Маргарет везёт меня на «стрижку»…
– Вот и всё, – она расталкивает передо мной створы и затаскивает койку внутрь вслед за собой.
Я слегка подскакиваю на небольшом пороге, и мы оказываемся в довольно тёмном кабинете. Его озаряет зеленоватый свет дрожащих ламп.
– А вот и наш самый важный пациент! – она выразительно повышает голос, чтобы было слышно на всё помещение.
Через секунду из подсобки появляется высокий, седой, худощавый мужчина с широченной улыбкой на лице. На нём белый медицинский халат и шапочка на волосы:
– О! – завидев нас он начинает добродушно хохотать. – Как всегда вовремя!
Он натягивает хирургические перчатки на ходу и звонко хлопает резинкой по предплечью.
– Скажи доктору «Здравствуйте!» – просит меня Маргарет.
Я снова пускаю слюни по подбородку и пытаюсь нацелить оба глаза на дока, который сходу залезает мне в лицо, но у меня ни хрена не получается – глаза всё крутятся, как бильярдные шары.
– Сейчас мы тебя посмотрим, – говорит док.
Он засовывает пальцы мне в правый глаз, раздвигает веки пошире и светит фонариком.
– Реакция есть, – мой зрачок убегает куда подальше, закатываясь в череп вместе с радужкой, а второй, кажется, смотрит прямо на него. – Это хорошо!
Док осматривает мою вскрытую, как консервная банка, голову и вертит её из стороны в сторону, потом говорит:
– Ну что, приступим? – он улыбается во все зубы и снова немного хохочет.
Они с Маргарет отвязывают меня от койки и усаживают моё непослушное тело на деревянный стул. Потом приковывают к нему ремнями: руки, ноги и даже туловище, чтобы я не соскользнул, а голову закрепляют жгутом.
– Пациент, вы даёте согласие на процедуру? – снова шутит он.

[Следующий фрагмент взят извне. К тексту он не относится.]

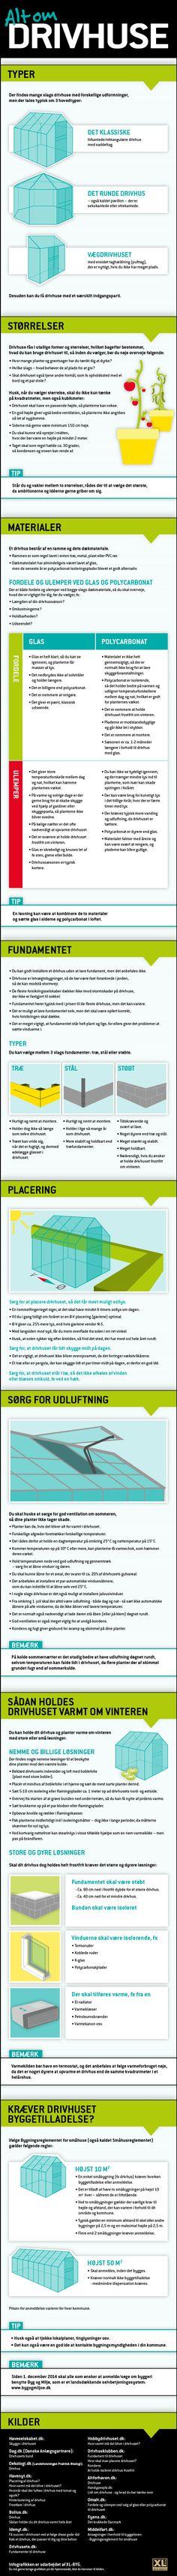 Drivhuse: Stor drivhus guide og infografik

К нему подходит Маргарет и передаёт прибор для декортикации – такая штука, похожая на сырорезку. Она отвечает за меня:
– Молчит – значит, согласен!
Они хохочут.
– Это хорошо!
И доктор, сунув руки мне в голову, срезает сырорезкой лоскут с моих мозгов, которые успели немного регенерировать с нашей прошлой встречи. Затем бросает срезанную нервную ткань в небольшую металлическую ванночку у Маргарет в руках…
– Первая пошла!
Но, несмотря на происходящее и разъезжающиеся в разные стороны глаза, на моей роже довольная улыбка…
– А вот и вторая! Молодой человек, куда вам столько мозгов?
Так что не беспокойтесь, со мной всё будет в порядке…
А пока они нарезают мой мозг, как сыр тофу, отмотаем немного назад:
Ф-фффффф…
Да, я снова в метро.
В грязном, вонючем вагоне, полном бедняков и роботизированных людей.
Сижу, зажатый между пассажиров, и листаю книгу. Одним ухом слушаю через наушник концерт Рахманинова, другим – всё, что происходит вокруг: разговоры людей, шум поезда и объявления метрополитена.
Как вы можете заметить, я немного изменил свой стиль – теперь у меня гладко выбритое лицо, зализанные волосы, и на мне совершенно новый костюм с серебристым отблеском. Но давайте всё по порядку, а то вы запутаетесь.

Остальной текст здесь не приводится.